今回の審理は、7月にジアス・トフォリ長官が「COAF(当時)や税務所のデータを使った捜査は法的な許可が必要」との見解を出し、裁判所の許可を得ずにデータを使用した捜査の差し止めを命じたことに端を発している。これによって差し止められた捜査は935件に上る。旧COAFの調査で明らかになっていた、フラヴィオ上議がリオ州議だったときの職員ファブリシオ・ケイロス氏の口座への、(幽霊職員も含む)他の職員からの給与の大量振込み(ラシャジーニャ)疑惑もその中の一つで、捜査差し止めは強い反発を買っていた。
同件の審理は20日からはじまったが、その直前には、トフォリ長官が10月25日に現在のUIFを管轄する中央銀行に対し、COAF/UIFの過去3年分のデータのコピーを提出するよう命じたことが明らかになり、「検閲行為」との批判が出たことで長官が引き下がるという事態も起きていた。

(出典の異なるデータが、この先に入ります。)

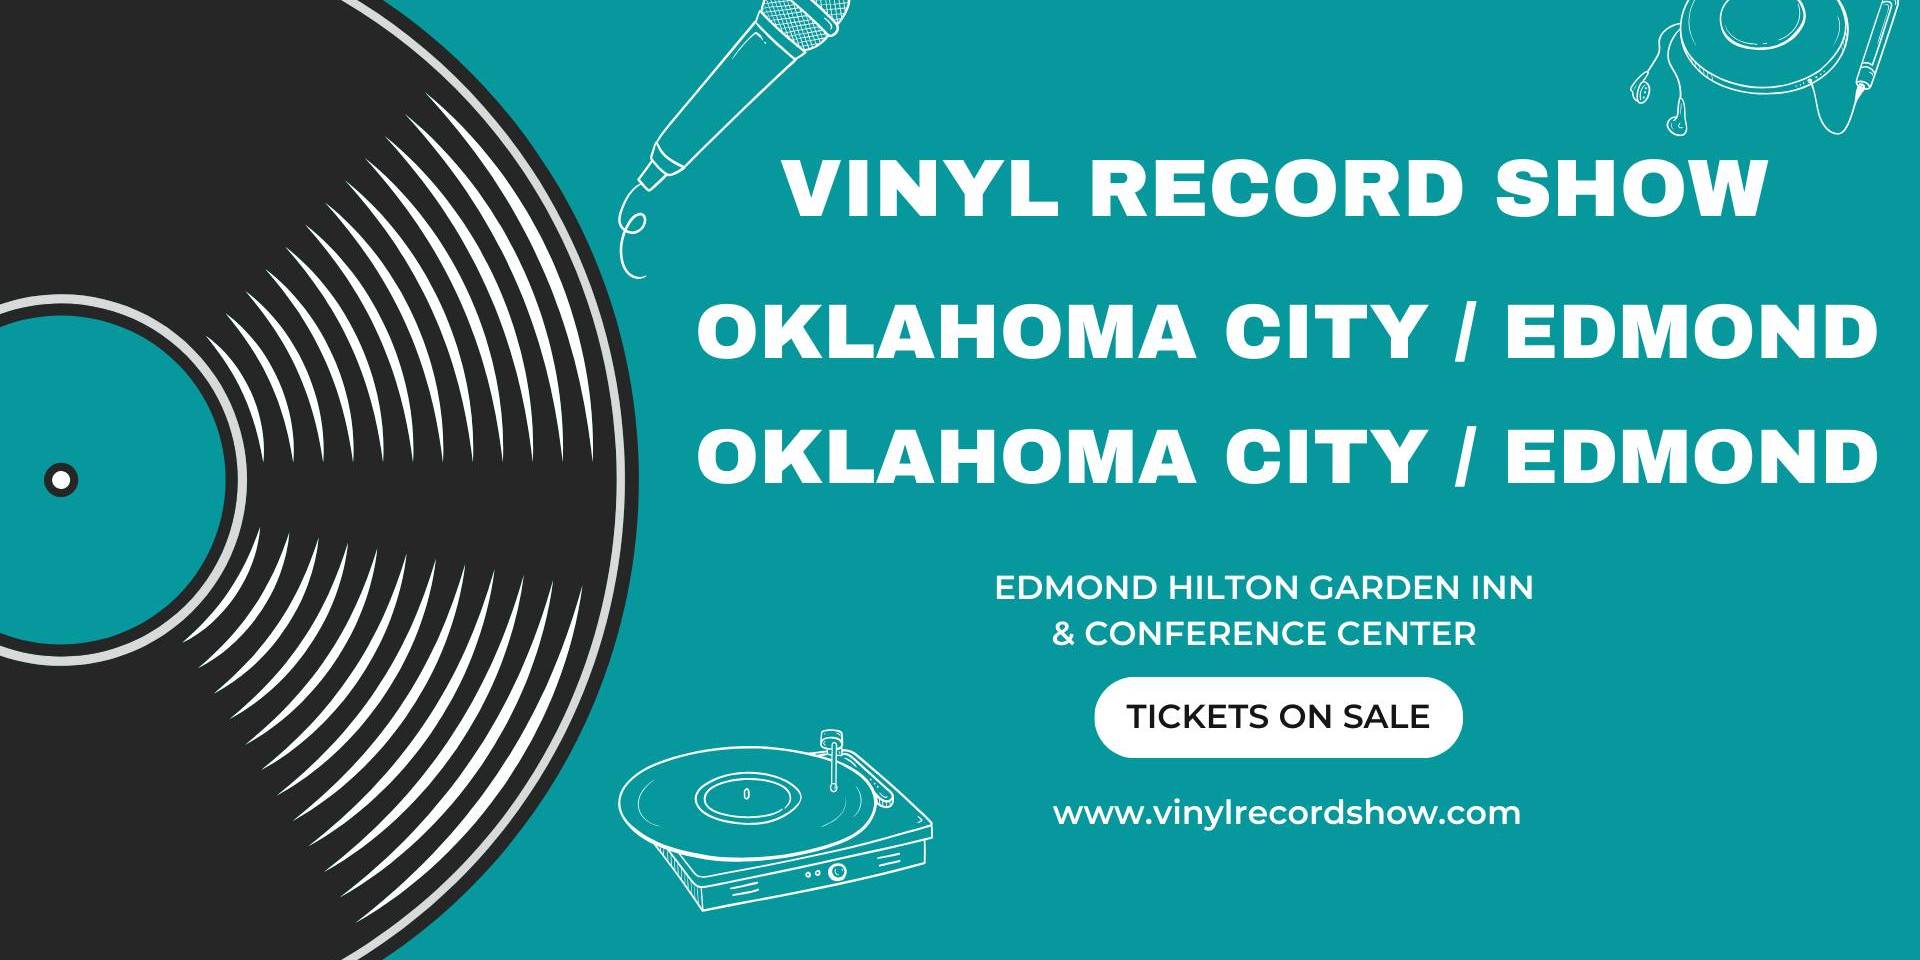 Vinyl Record Show of Oklahoma City, OK / Edmond, OK promotional image

だが、いざ、判事投票がはじまると、トフォリ長官に賛成する判事はなかなか現れず、賛同したのはマルコ・アウレーリオ、セウソ・デ・メロの2判事のみ。残る8判事は全員、トフォリ長官とは逆の投票を行った。
この投票結果にトフォリ長官自身が票を変えたため、最終的には9対2の大差で「検察や警察は裁判所の許可を得なくても、(国税庁などの)金融監査機関のデータを共有した捜査を行っても良い」ことになった。
この判決には、所得税申告や銀行取引明細書といったデータも含まれているが、この審理はまだ完結したわけではない。それは、UIFなどが疑惑を指摘してはじまった捜査は正当だが、検察や警察がUIFなどに捜査を依頼して得た情報の使用は不当との声があるためだ。この点をつめるための審理は12月4日にはじまる。
だが、トフォリ長官が禁じようとした、裁判所の許可を得る前に税務所やCOAF/UIFが入手したデータを使った捜査を止めることはできないのは、今回の投票結果で決定的になった。これにより、フラヴィオ氏などに対する捜査再開の可能性が高まっている。